Wunderkind alert: 18-year-old Philéo Landowski, a former intern at Celine, just launched his own vegan sneaker brand. Comme des Garçons in Paris is stocking the collection, named Philéo.
Dover Street Market will also sell the new designs in-store and online beginning September 21, in London and New York.
Available in six different colors, the new gender-neutral sneakers are canvas-based. They feature thick, chunky soles, but the look is still “neat and surprisingly ergonomic,” notes Footwear News.
As the great-grandson of Paul Landowski, the designer behind Rio de Janeiro’s Christ the Redeemer statue, creative design runs in Landowski’s veins. He was just 15-years-old when he first started interning at Celine.
Now that he’s designing his own sneakers, Landowski looks to another of his passions for inspiration: music. The new range was influenced by electronic body music (EBM) and techno.
The designer, who also likes to DJ and produce, told Footwear News: “Music can bring so much emotion to everything. I think every designer needs to hear music to create.” He added: “It needs to be loud.”
In the vegan shoe itself, the EBM influence can be seen in the use of Satellite pleather material. Landowski chose it because it’s shiny and reflective, reminiscent of strobe lighting in dance clubs.
Available in sizes 36 to 44 (U.S. 6-11), the new Philéo sneakers retail between $325 and £350.

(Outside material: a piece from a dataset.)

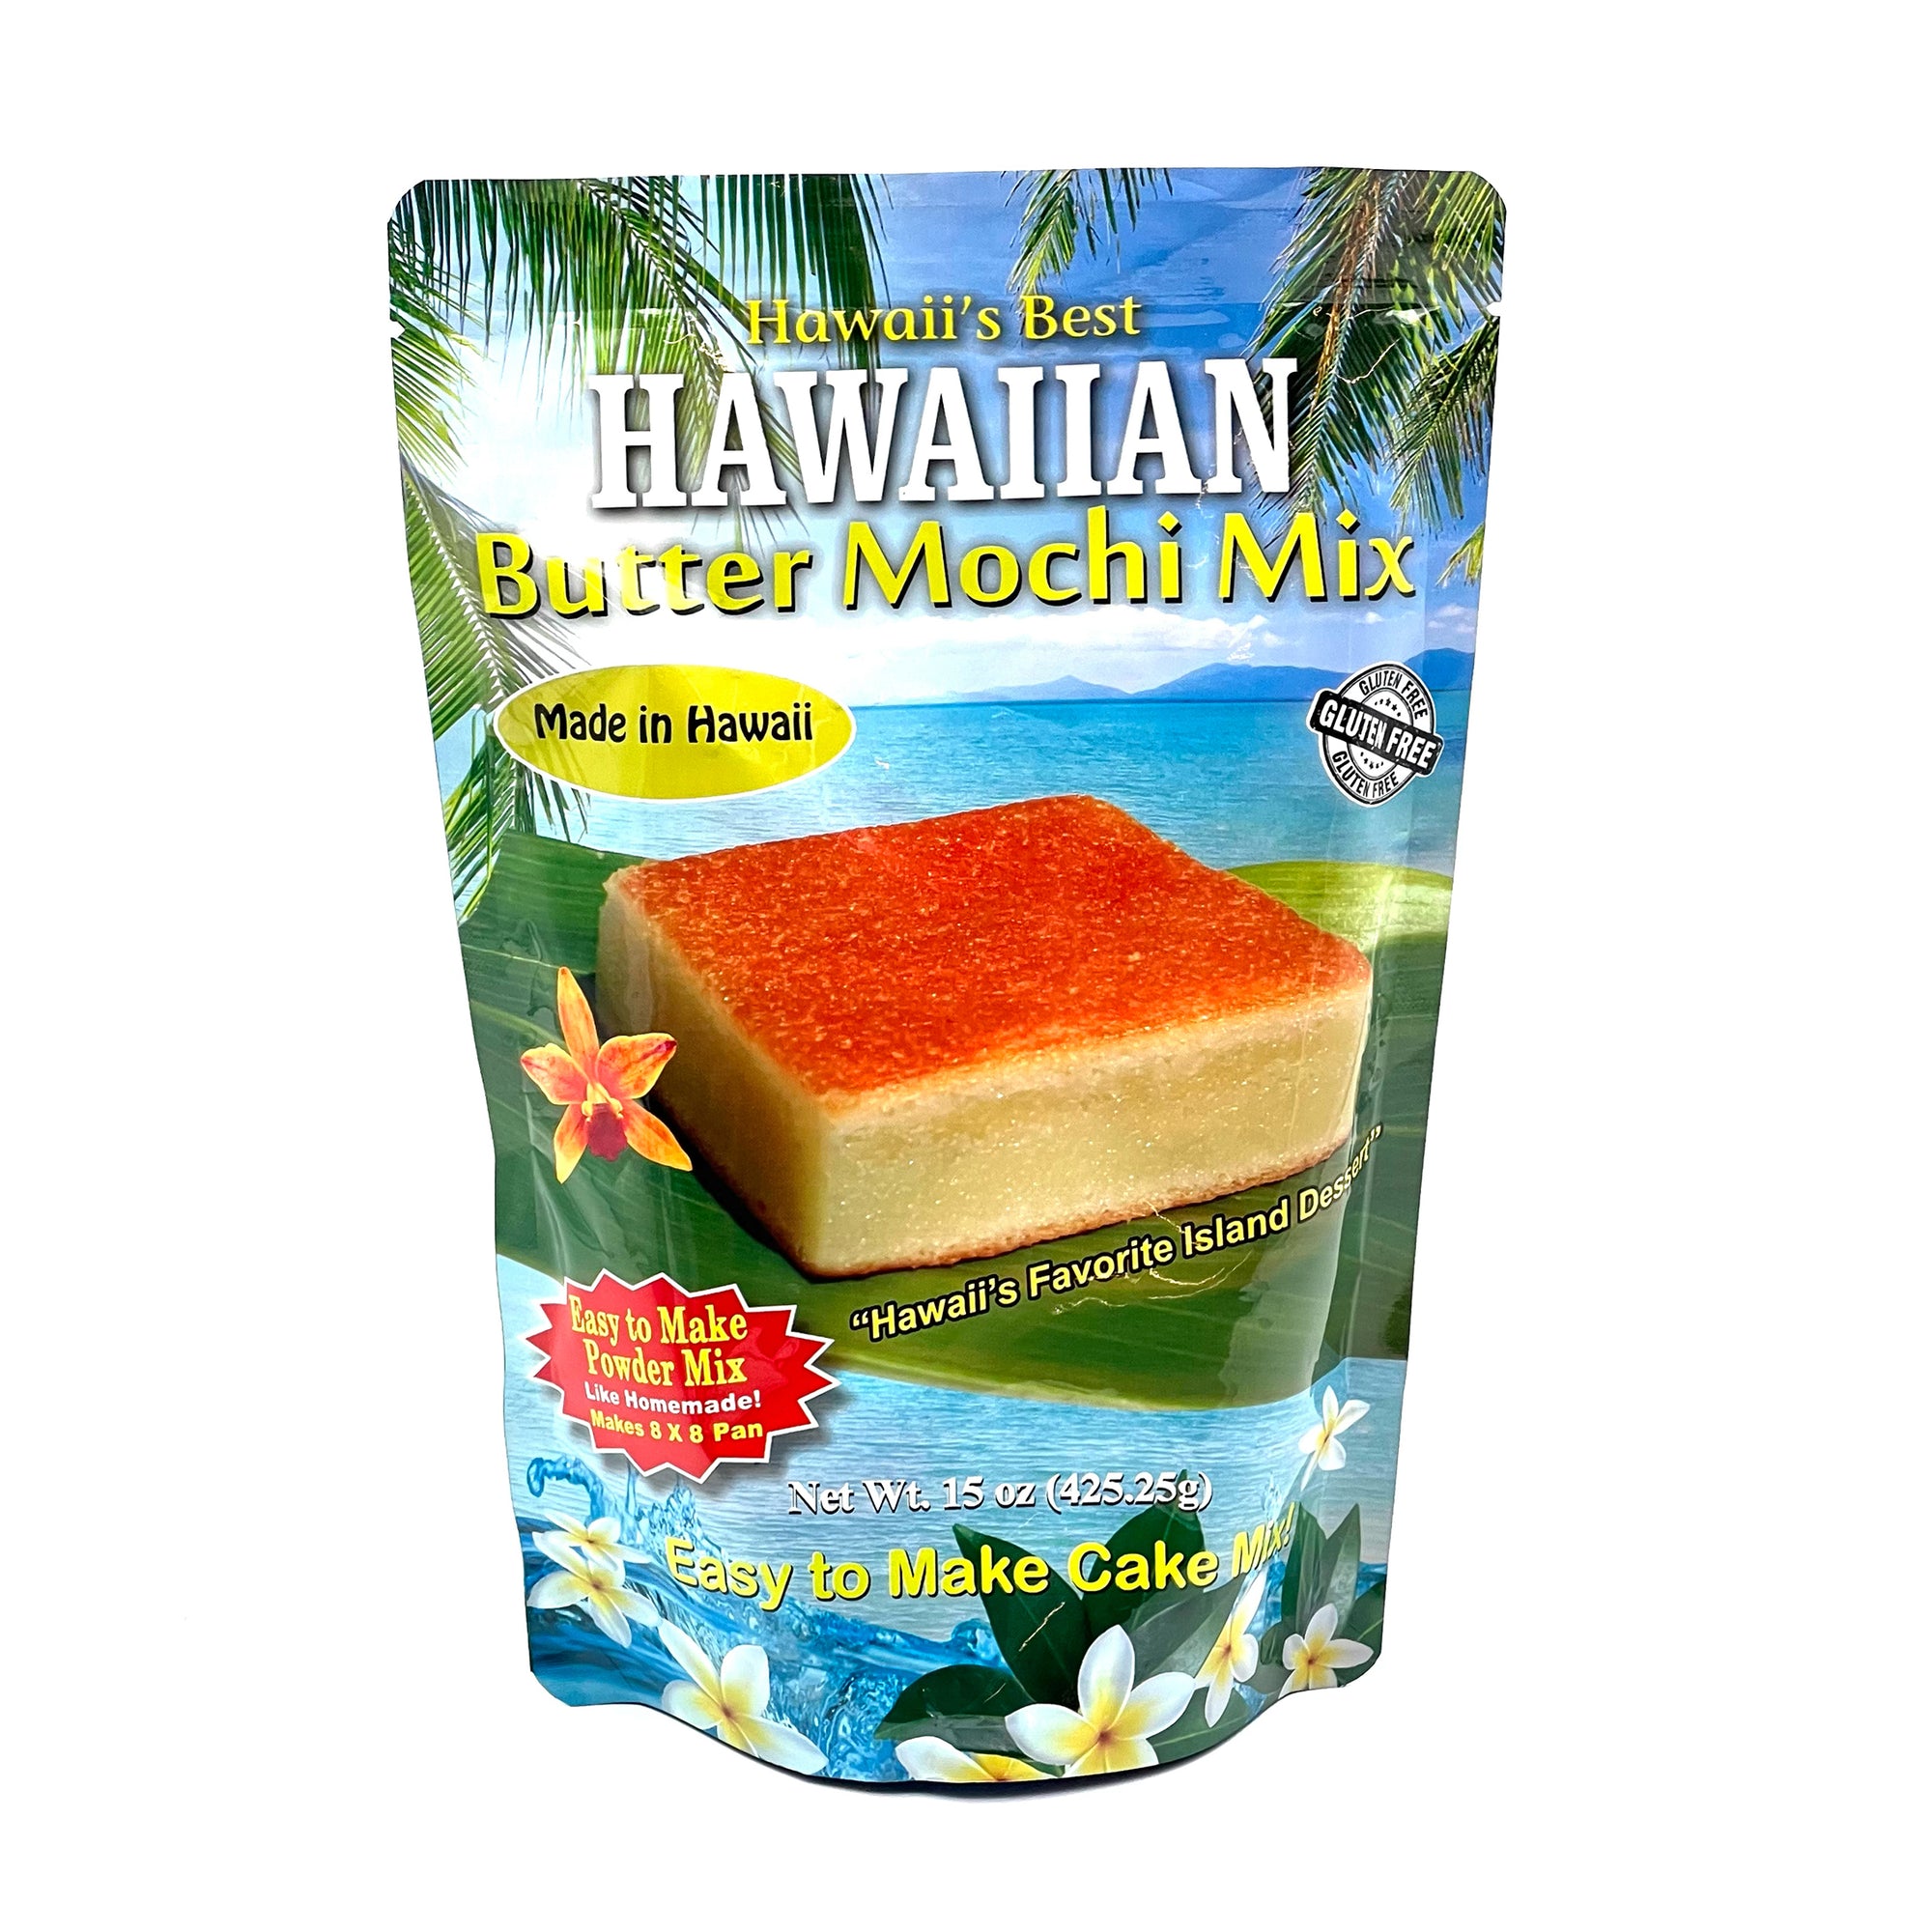 Pop-Up Mākeke - Hawaii's Best Mixes - Hawaiian Butter Mochi Mix - Fruit View
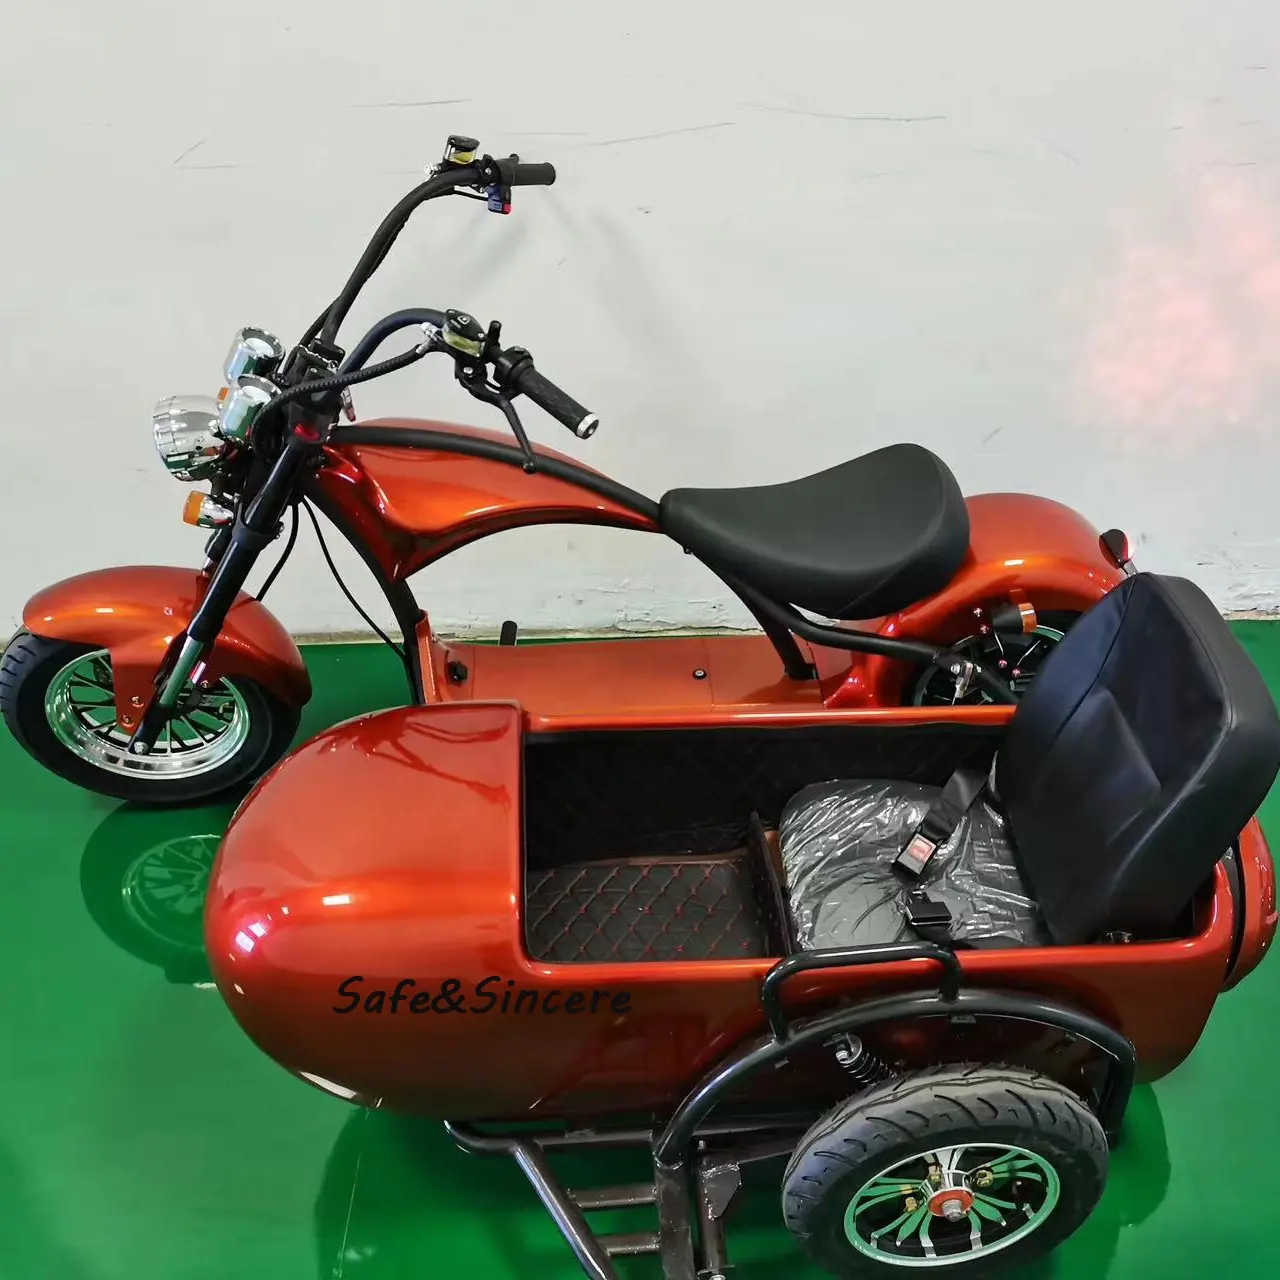 Magazzino usa/ue citycoco adulto all'ingrosso a buon mercato con secchio laterale batteria a due ruote elettrico e scooter elettrici moto ebike

Vegan Sneakers are Here to Stay
By omitting animal-based materials from his new range, Landowski joins a number of brands and designers who have created vegan sneaker lines. In July, 22-year-old activist, actor, and musician Jaden Smith teamed up with New Balance to launch the vegan-friendly NB for Jaden Smith Vision Racer.
In January and February, Balenciaga and Nike launched new vegan sneakers respectively. Materials for the latter’s Space Hippie line included recycled plastic water bottles, t-shirts, and yarn scraps.
Nike’s vice president of sustainable innovation Seana Hannah said at the time: “We believe the future for product will be circular. We must think about the entire process: how we design it, how we make it, how we use it, how we reuse it, and how we cut out waste at every step.”